REQUIREMENT:
Please print the line that holds "Wenzhou | Culture" and each line after it to the end of the data, word for word, without any pictures.

DATASET EXTRACT:

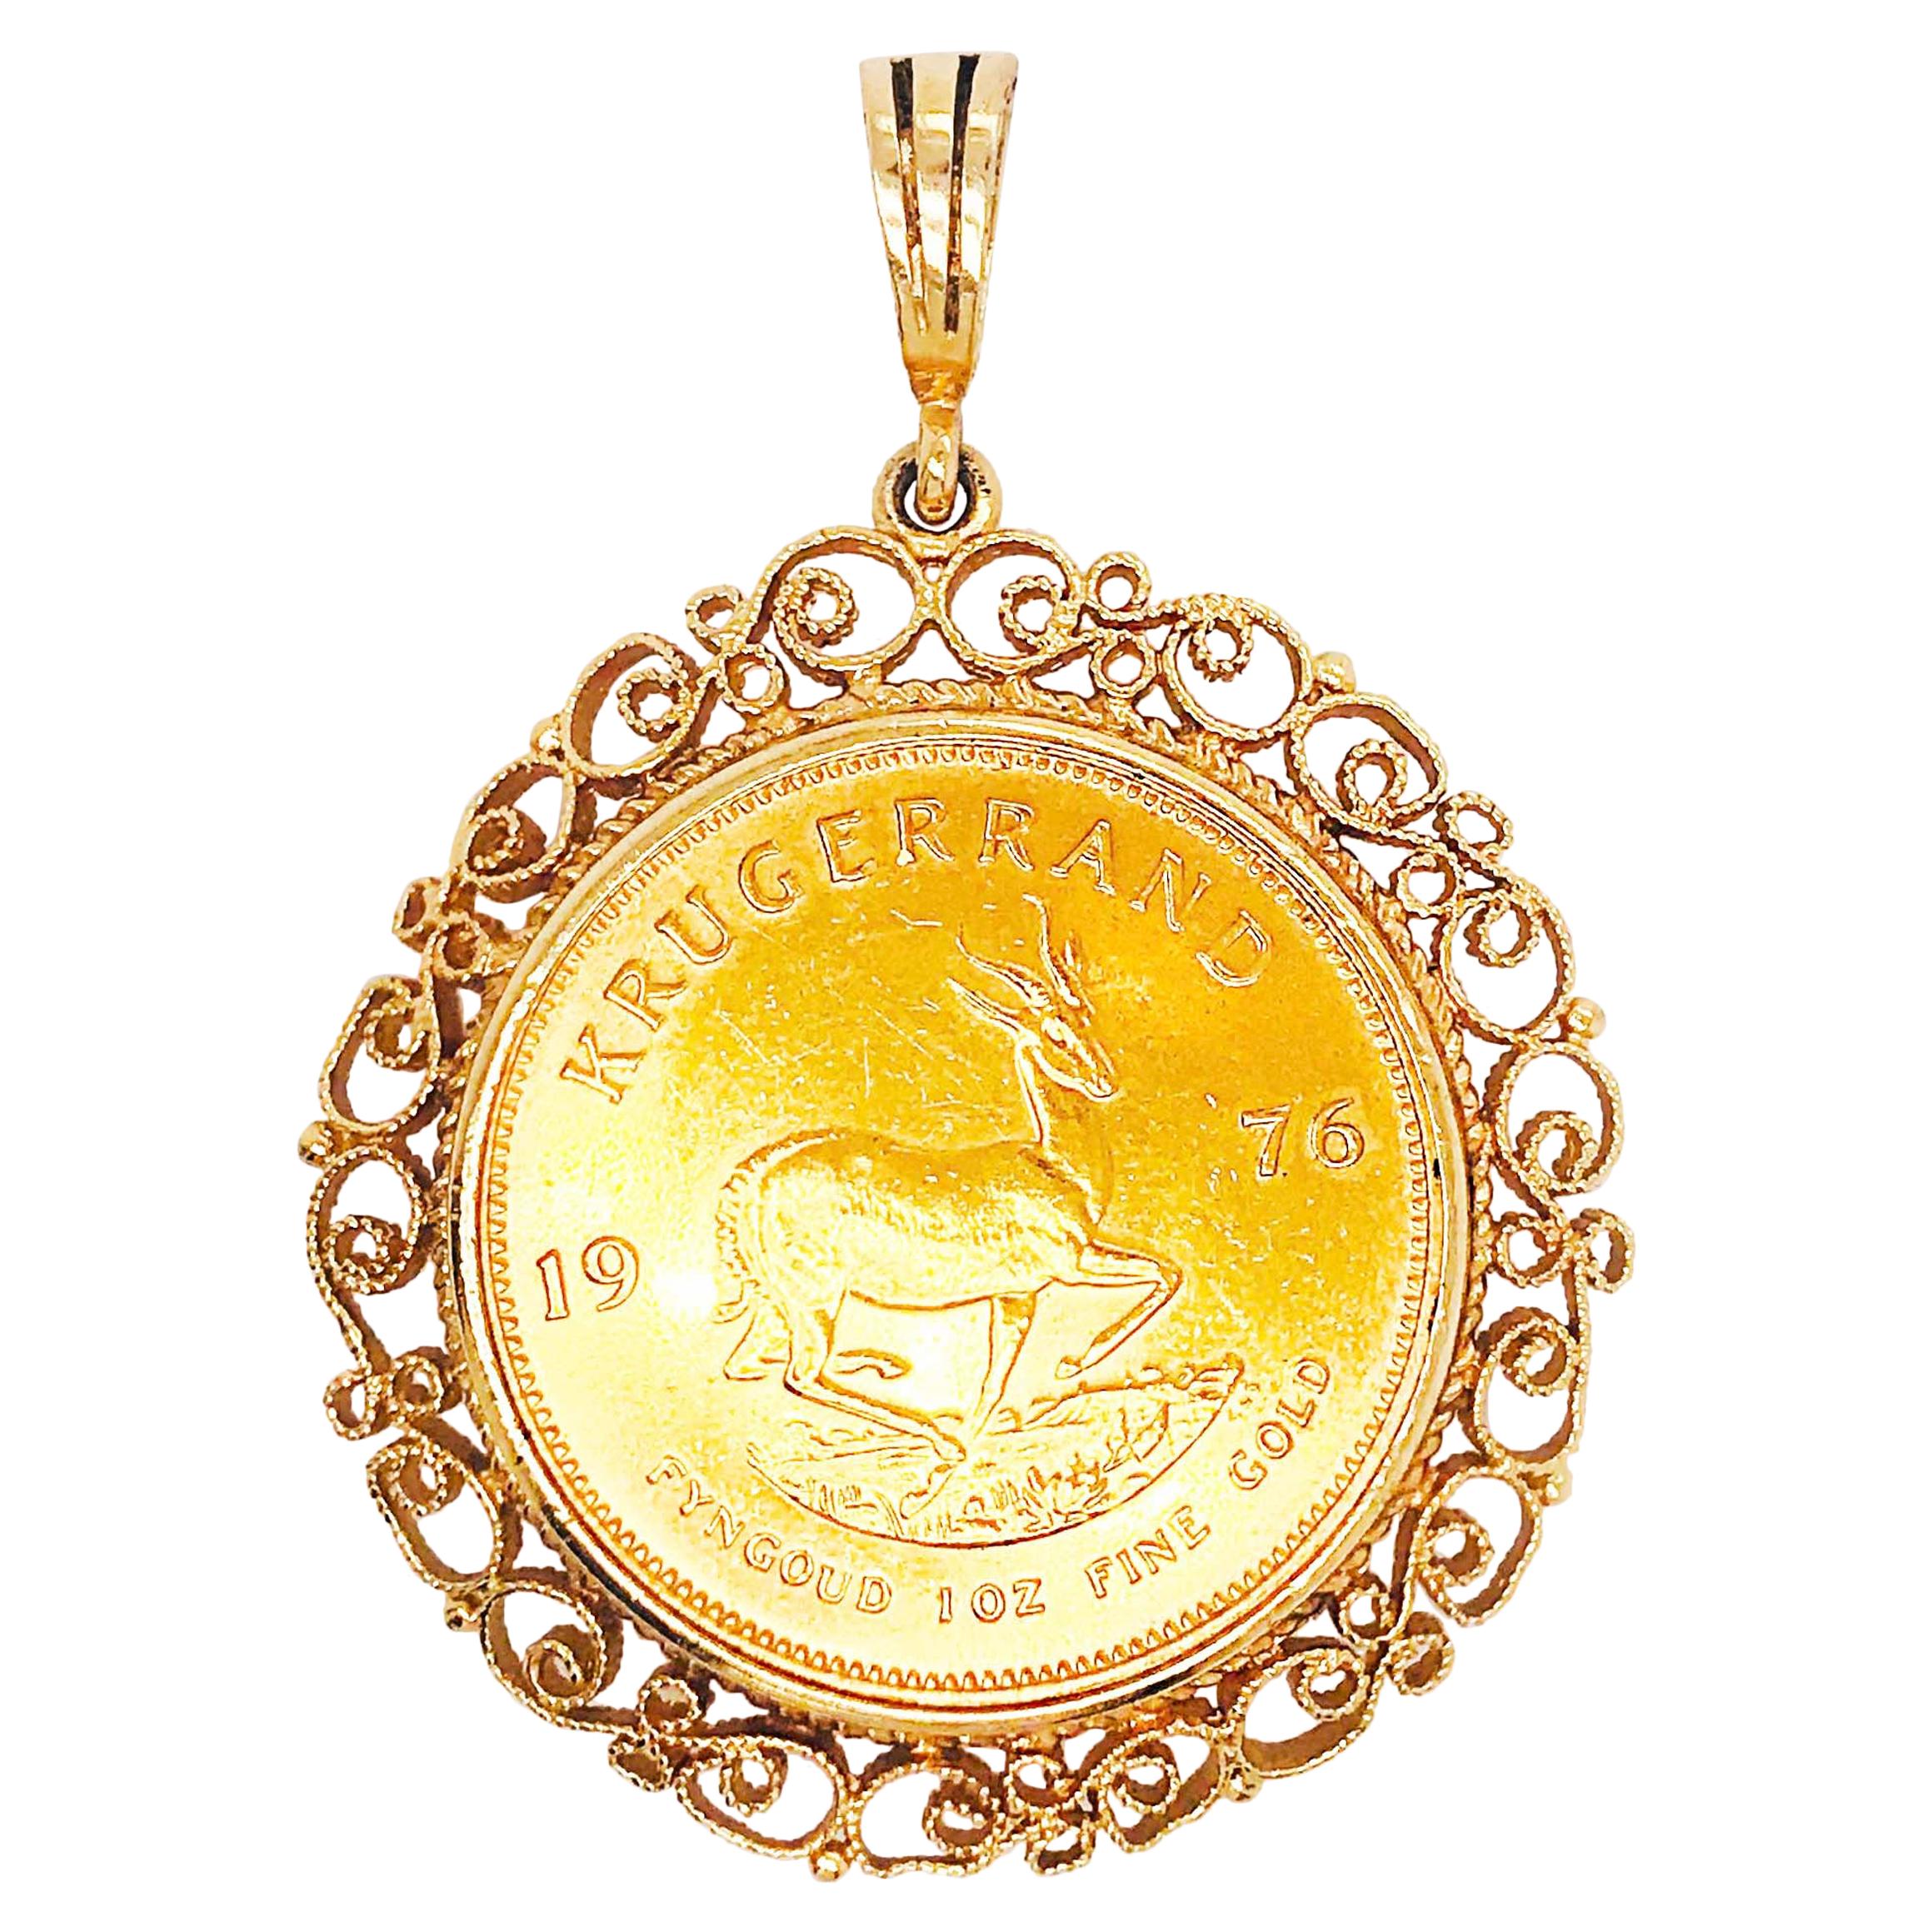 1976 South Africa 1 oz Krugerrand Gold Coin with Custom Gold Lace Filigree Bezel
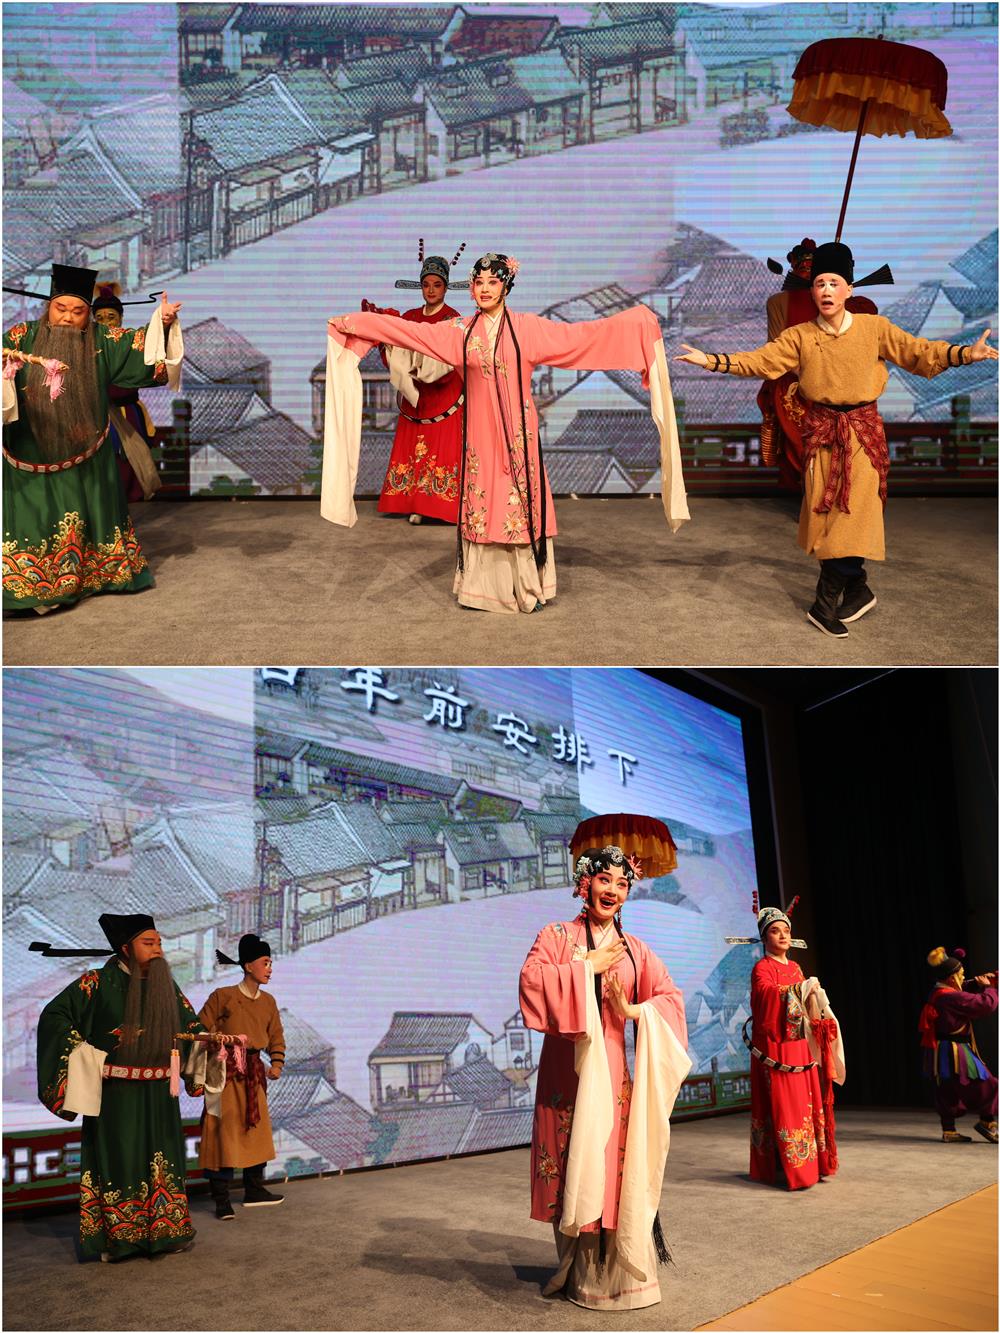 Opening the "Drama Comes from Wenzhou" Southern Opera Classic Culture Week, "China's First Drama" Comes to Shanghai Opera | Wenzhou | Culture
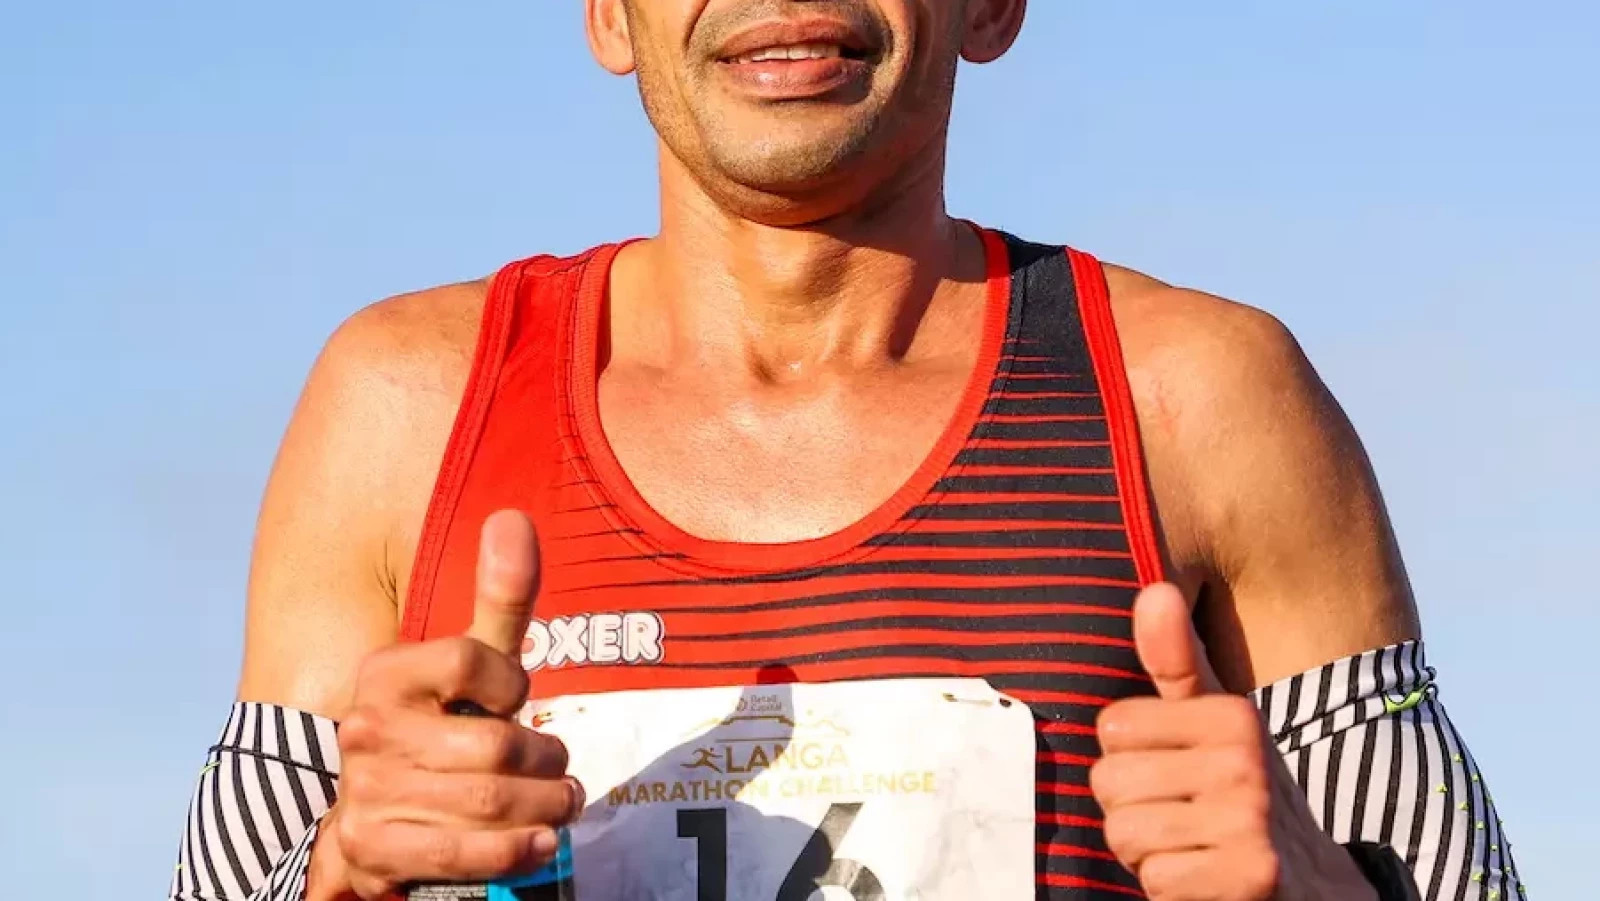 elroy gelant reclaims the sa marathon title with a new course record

SOLUTION TO THE PROBLEM:
 Opening the "Drama Comes from Wenzhou" Southern Opera Classic Culture Week, "China's First Drama" Comes to Shanghai Opera | Wenzhou | Culture
 elroy gelant reclaims the sa marathon title with a new course record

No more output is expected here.